With the images excluded, set down every line of the listing below exactly.

▸ **Raw data**

= = = =

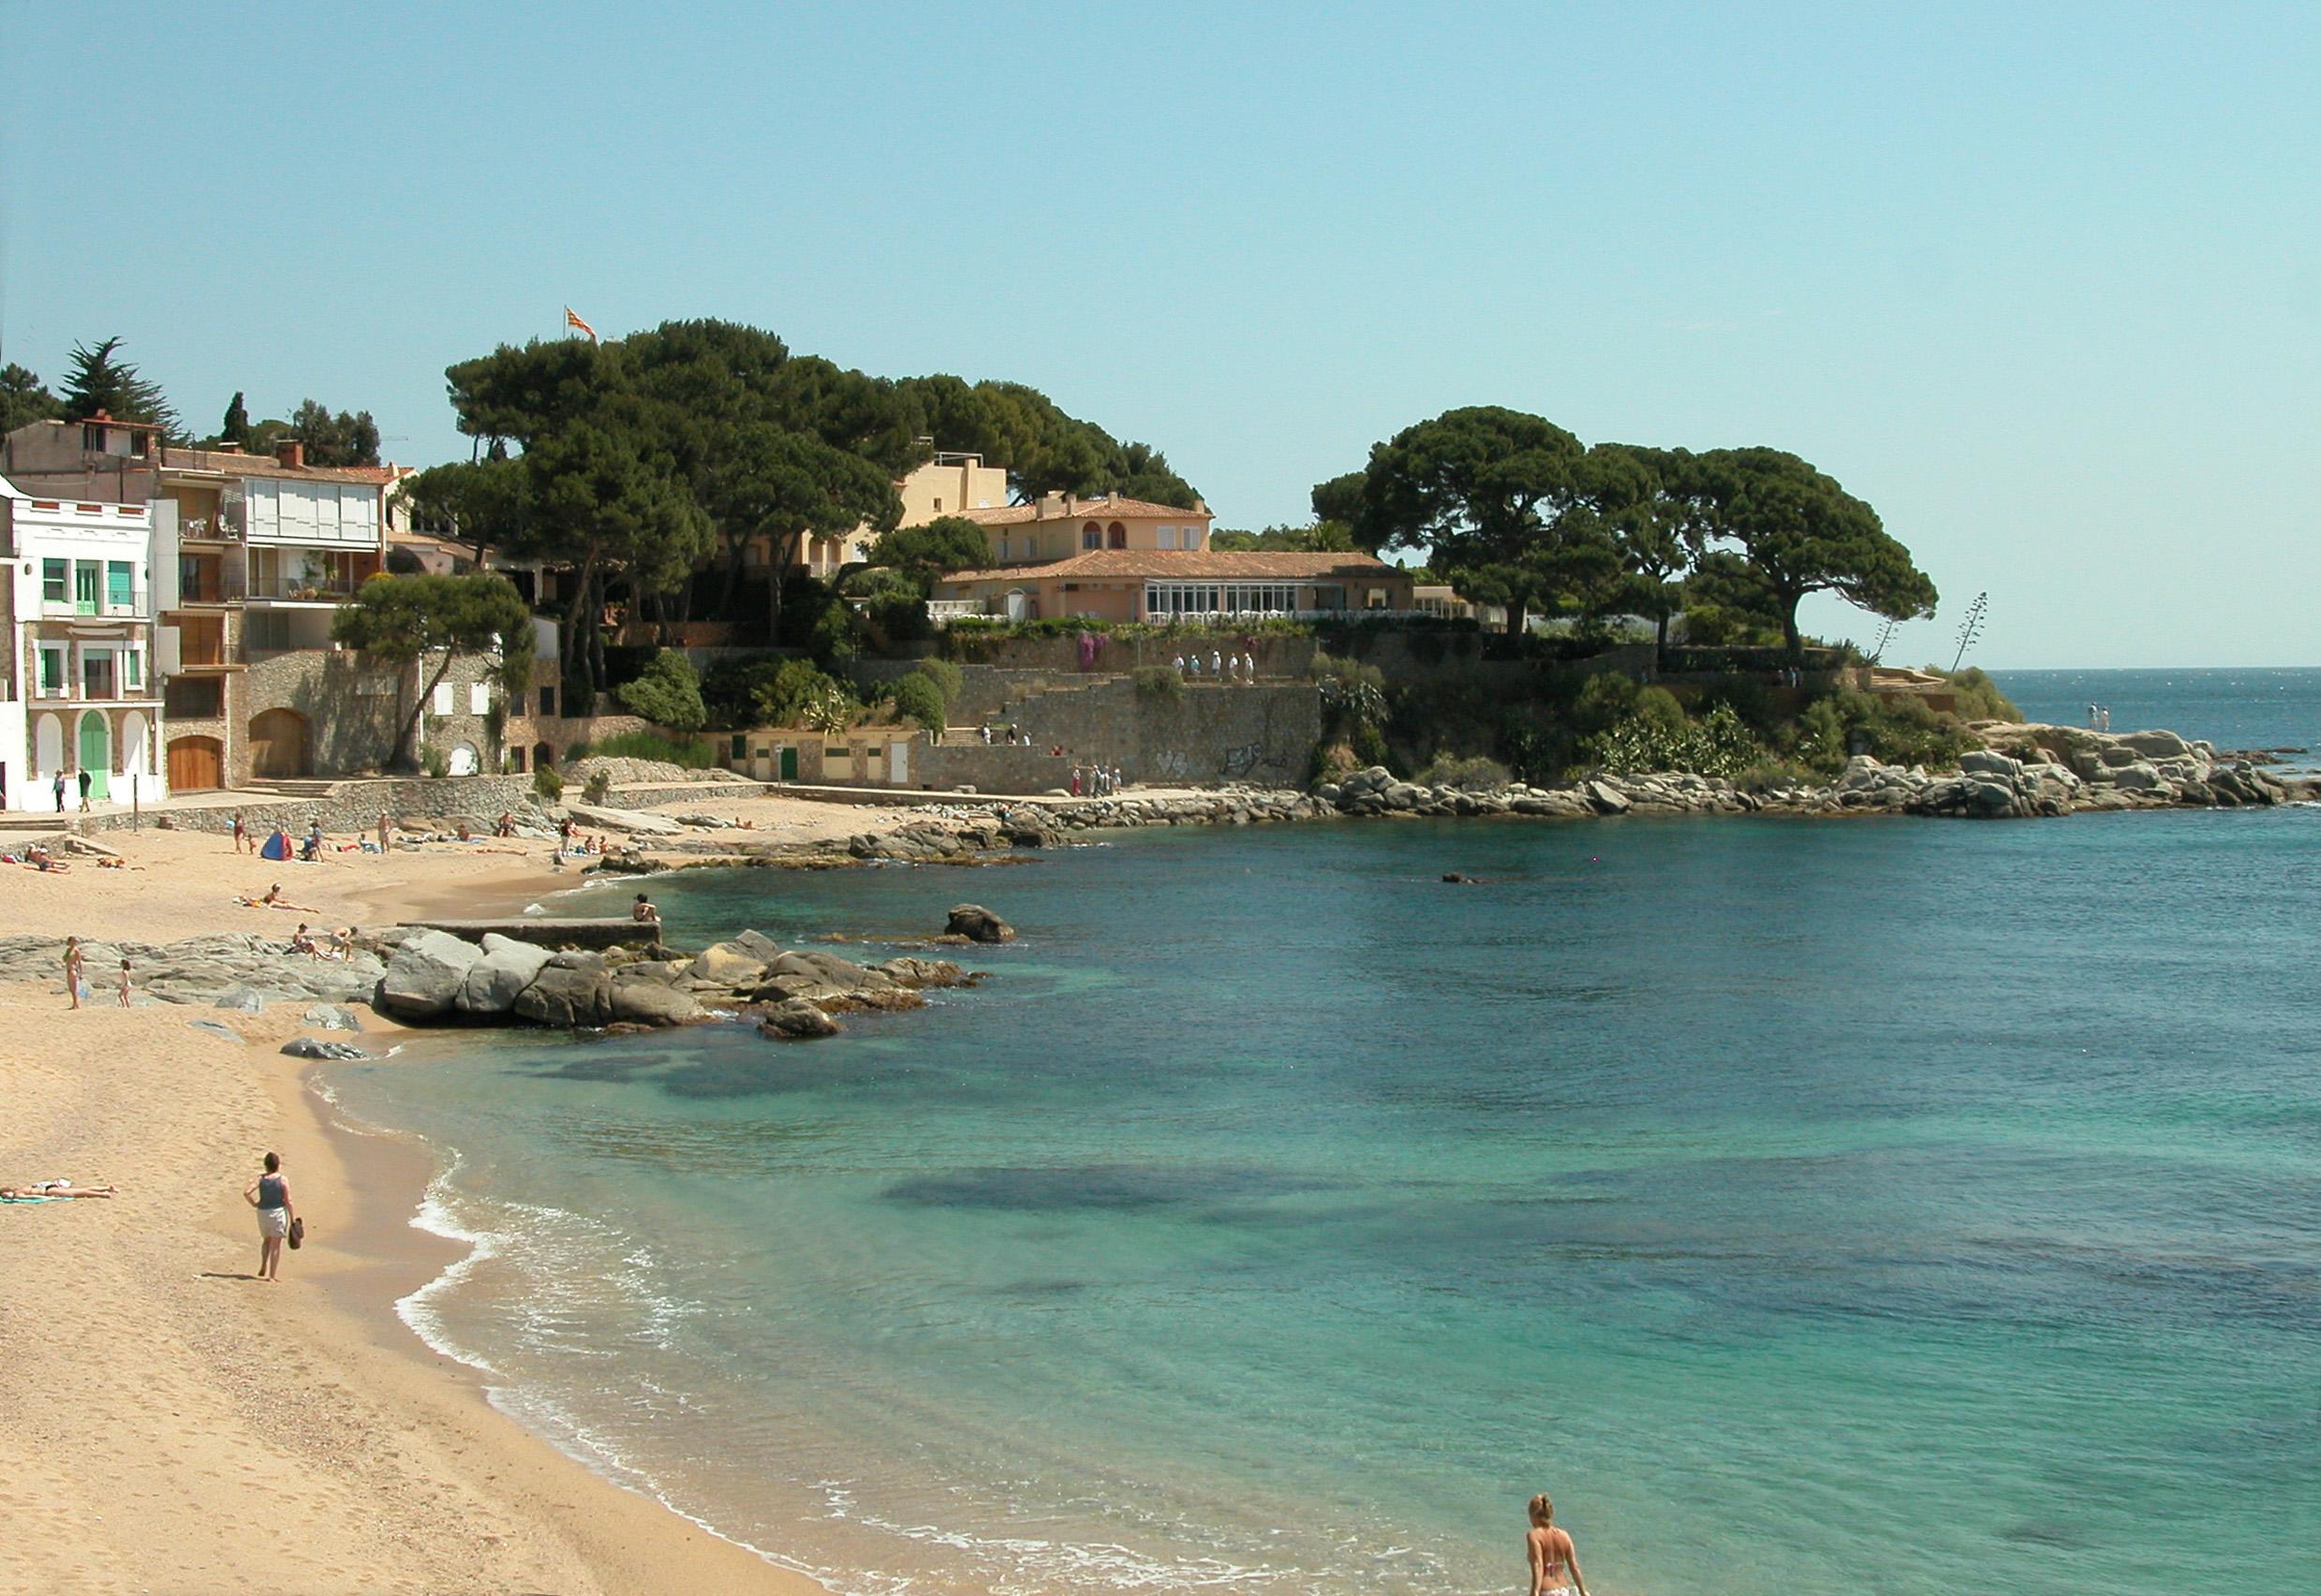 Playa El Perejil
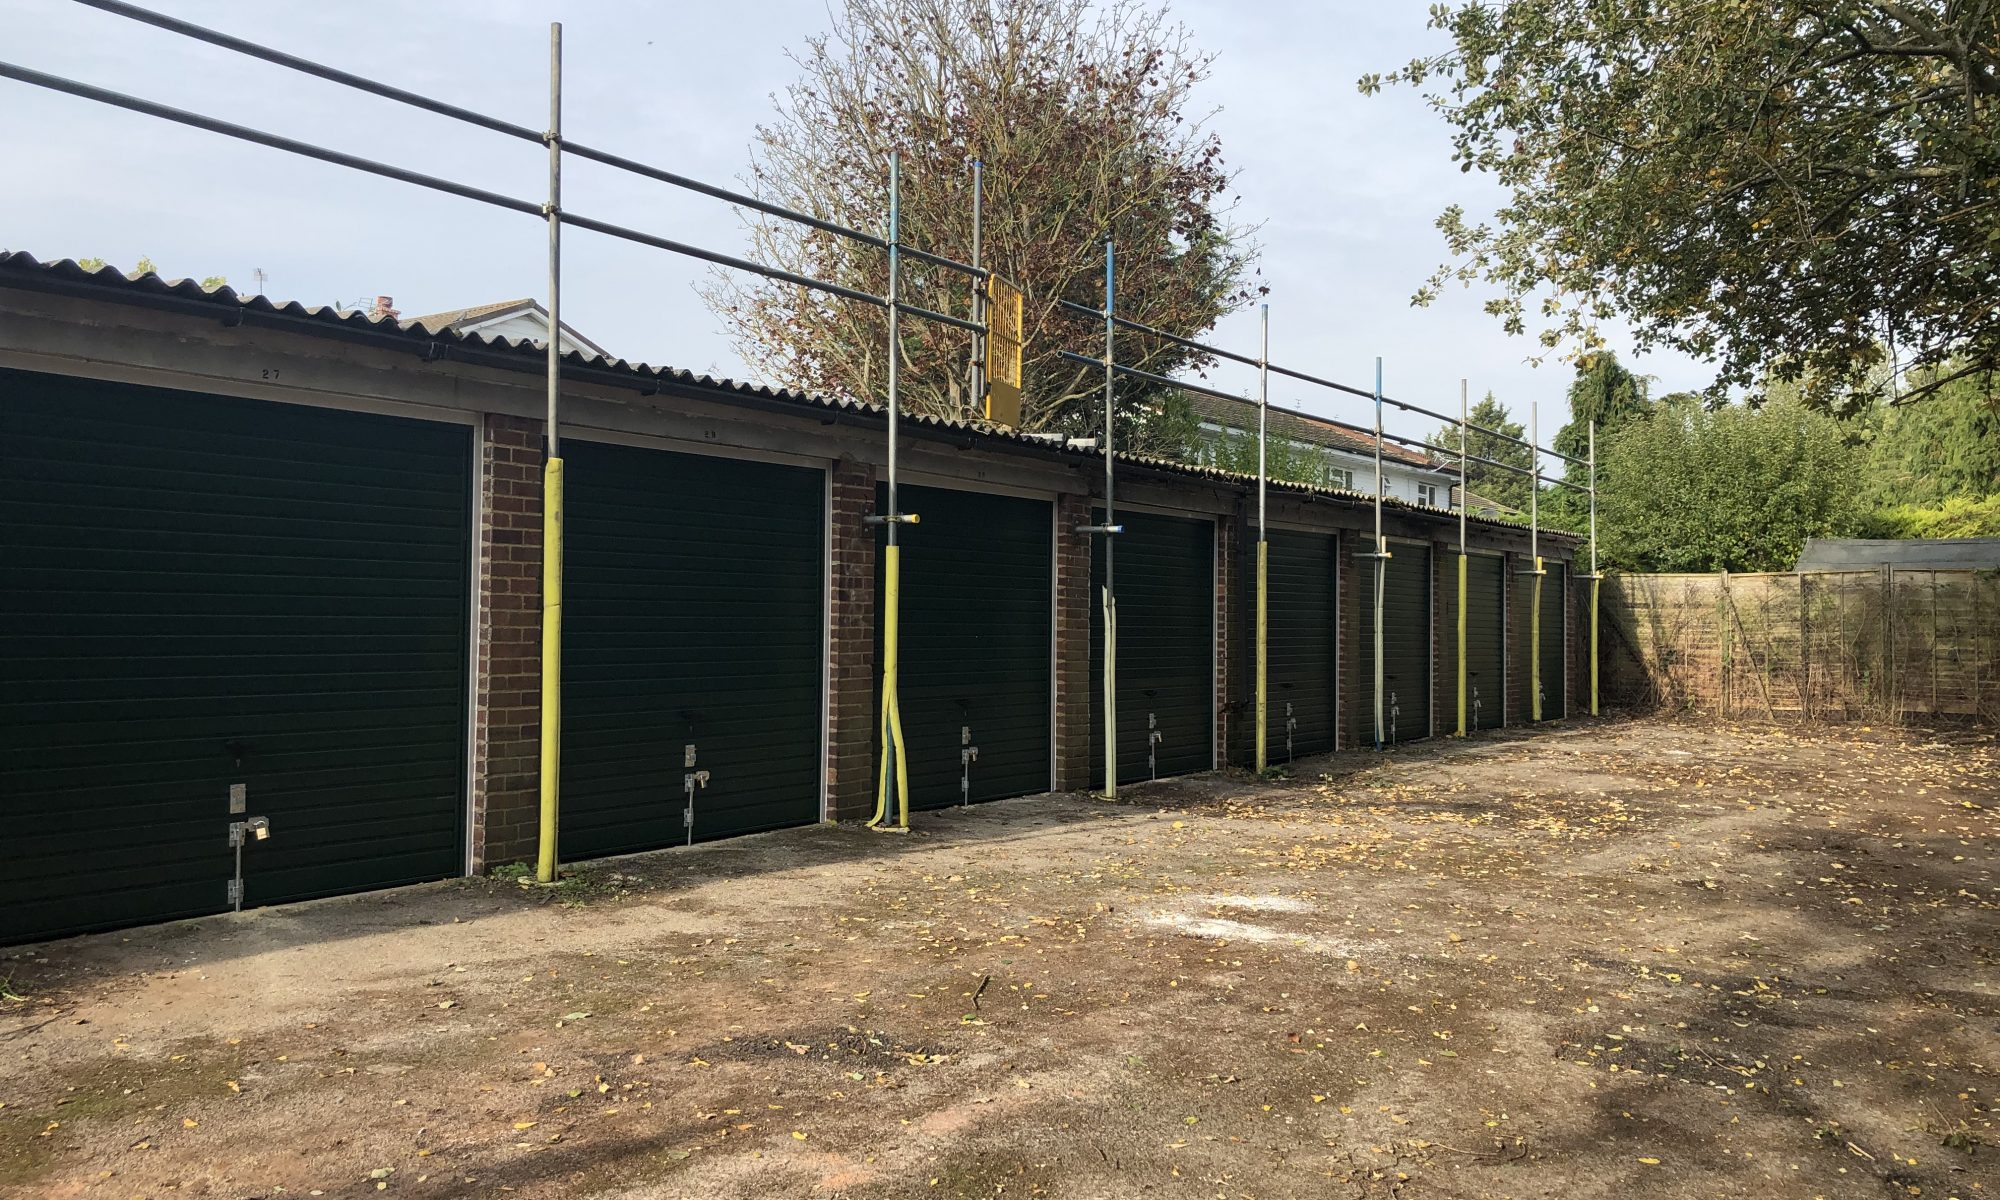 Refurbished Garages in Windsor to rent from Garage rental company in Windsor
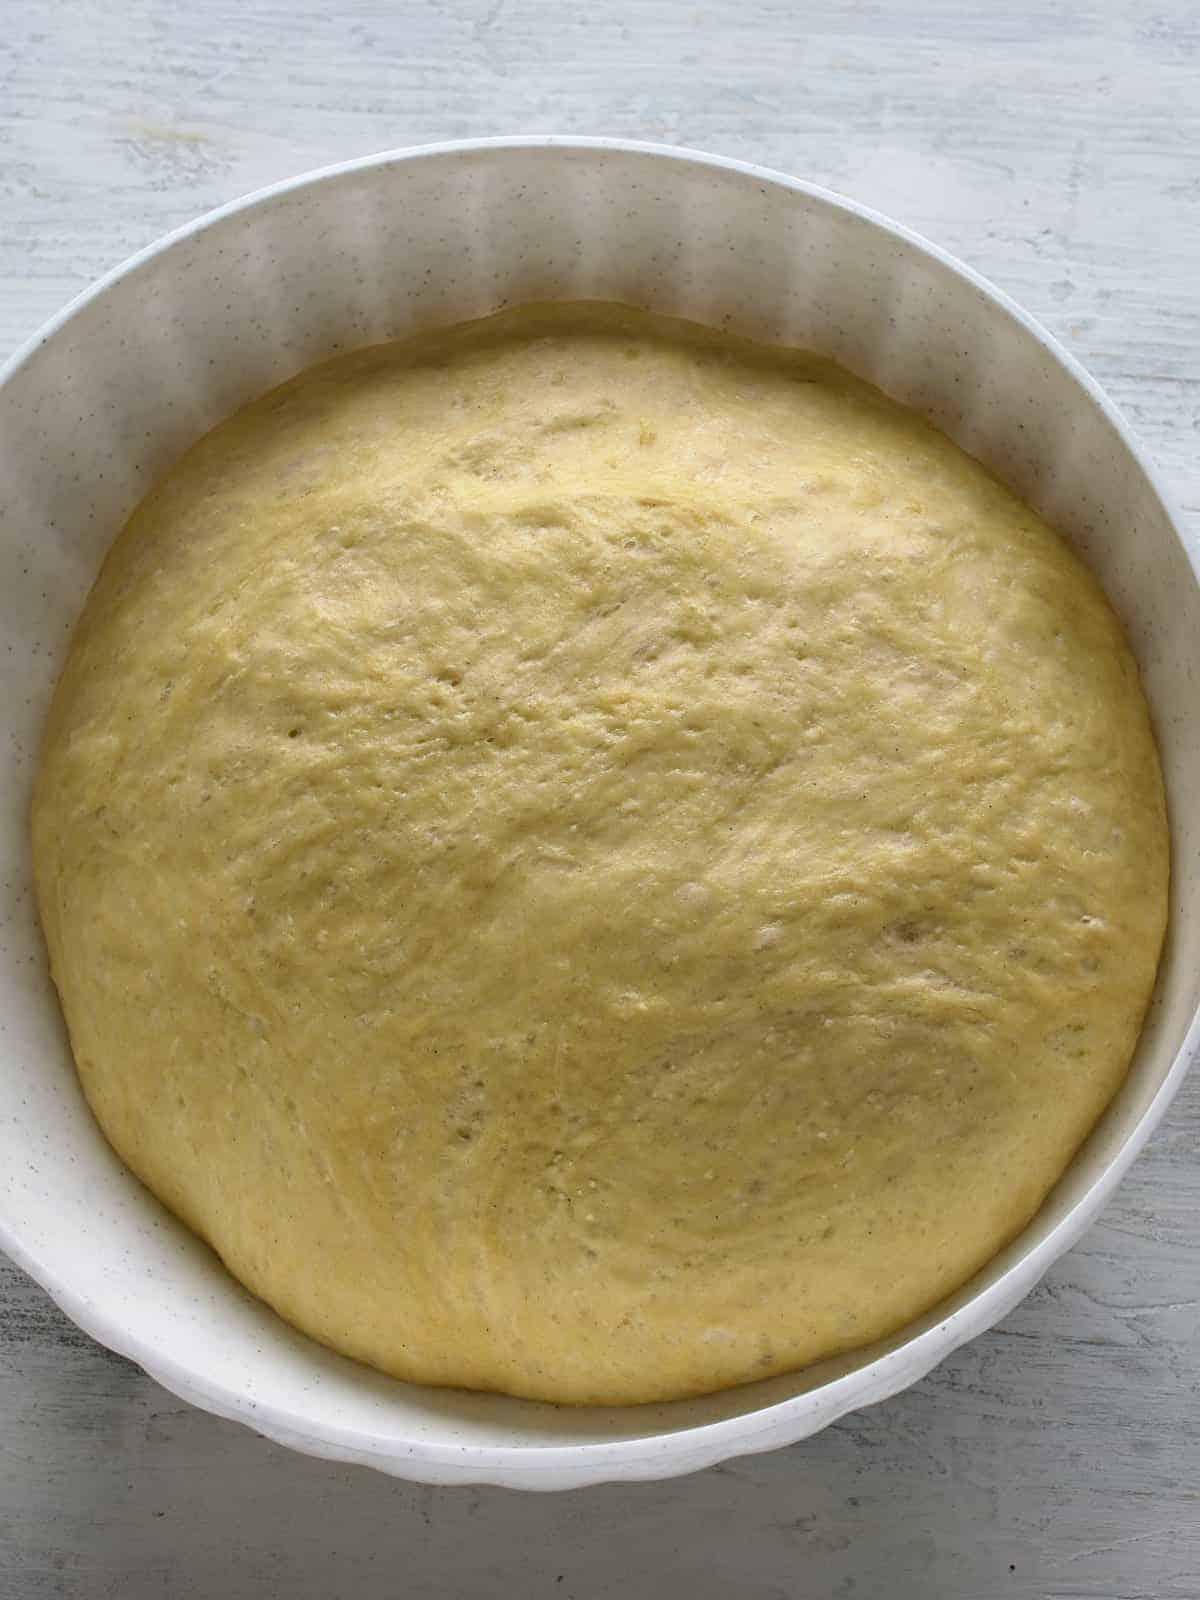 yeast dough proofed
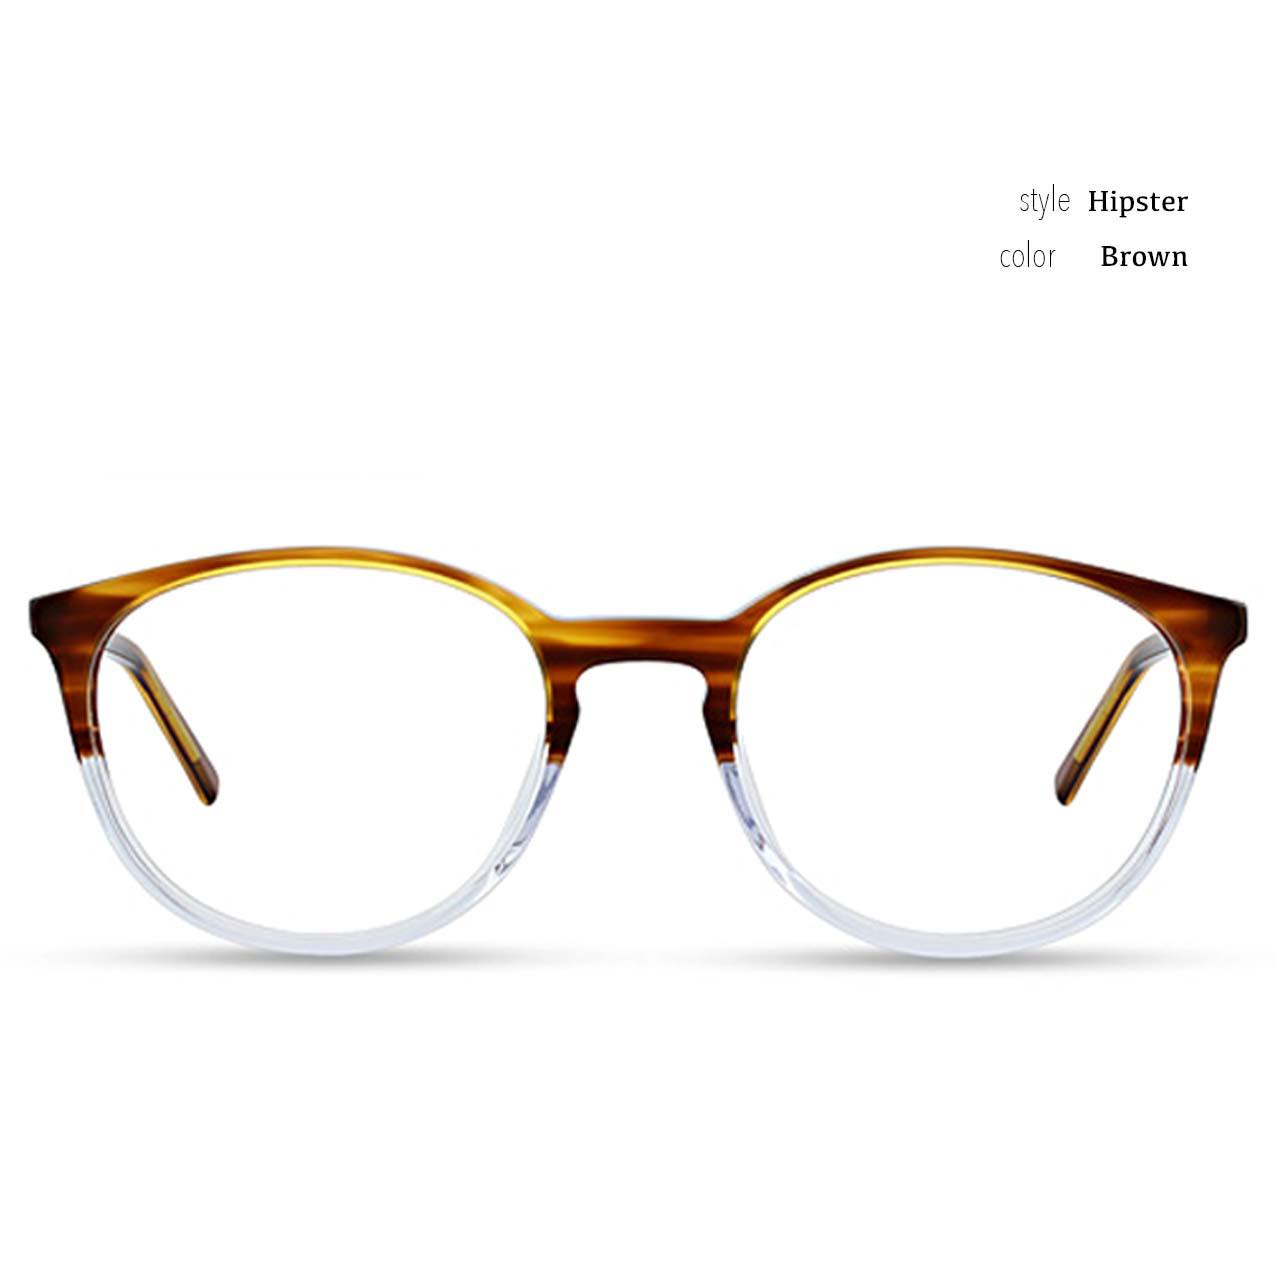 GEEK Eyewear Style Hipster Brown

= = = =

▸ **Output for this exercise**
 Playa El Perejil
 Refurbished Garages in Windsor to rent from Garage rental company in Windsor
 yeast dough proofed
 GEEK Eyewear Style Hipster Brown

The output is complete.